-- Assigned task --
Which lines run from the one containing "Shop Dkny Little" to the end of the records? Write them out exactly, both ends included, and nothing else.

-- Source information --

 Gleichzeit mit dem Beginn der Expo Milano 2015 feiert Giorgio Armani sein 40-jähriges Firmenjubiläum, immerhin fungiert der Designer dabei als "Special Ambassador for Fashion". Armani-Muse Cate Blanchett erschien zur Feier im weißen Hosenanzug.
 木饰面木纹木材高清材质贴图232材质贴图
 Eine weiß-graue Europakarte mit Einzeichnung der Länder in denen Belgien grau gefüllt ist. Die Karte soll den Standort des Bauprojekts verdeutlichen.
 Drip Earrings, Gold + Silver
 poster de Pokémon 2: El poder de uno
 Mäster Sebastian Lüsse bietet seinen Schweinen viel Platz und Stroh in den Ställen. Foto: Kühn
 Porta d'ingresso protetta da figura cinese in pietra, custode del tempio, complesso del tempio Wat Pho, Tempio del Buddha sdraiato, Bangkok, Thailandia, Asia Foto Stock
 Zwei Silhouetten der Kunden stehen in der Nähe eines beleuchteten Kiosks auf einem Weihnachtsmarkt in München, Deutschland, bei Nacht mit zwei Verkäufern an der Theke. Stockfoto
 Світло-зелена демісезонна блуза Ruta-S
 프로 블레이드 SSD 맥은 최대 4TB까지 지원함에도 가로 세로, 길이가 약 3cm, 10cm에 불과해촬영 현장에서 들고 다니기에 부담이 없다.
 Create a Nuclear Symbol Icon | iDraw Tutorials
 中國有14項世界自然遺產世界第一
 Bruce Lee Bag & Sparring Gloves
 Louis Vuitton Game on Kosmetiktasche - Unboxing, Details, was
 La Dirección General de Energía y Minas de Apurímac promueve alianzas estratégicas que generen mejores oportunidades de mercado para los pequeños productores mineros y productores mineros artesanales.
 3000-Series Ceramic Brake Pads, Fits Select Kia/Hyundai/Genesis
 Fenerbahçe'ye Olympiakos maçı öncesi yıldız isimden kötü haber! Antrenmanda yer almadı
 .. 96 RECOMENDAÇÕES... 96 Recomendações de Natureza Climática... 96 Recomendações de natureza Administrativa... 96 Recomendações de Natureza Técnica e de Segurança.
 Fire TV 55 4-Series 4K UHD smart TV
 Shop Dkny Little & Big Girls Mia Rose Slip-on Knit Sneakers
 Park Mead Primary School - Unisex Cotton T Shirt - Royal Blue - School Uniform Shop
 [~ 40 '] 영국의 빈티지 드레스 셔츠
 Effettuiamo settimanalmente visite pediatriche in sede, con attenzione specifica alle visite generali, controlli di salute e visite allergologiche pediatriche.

-- Answer --
 Shop Dkny Little & Big Girls Mia Rose Slip-on Knit Sneakers
 Park Mead Primary School - Unisex Cotton T Shirt - Royal Blue - School Uniform Shop
 [~ 40 '] 영국의 빈티지 드레스 셔츠
 Effettuiamo settimanalmente visite pediatriche in sede, con attenzione specifica alle visite generali, controlli di salute e visite allergologiche pediatriche.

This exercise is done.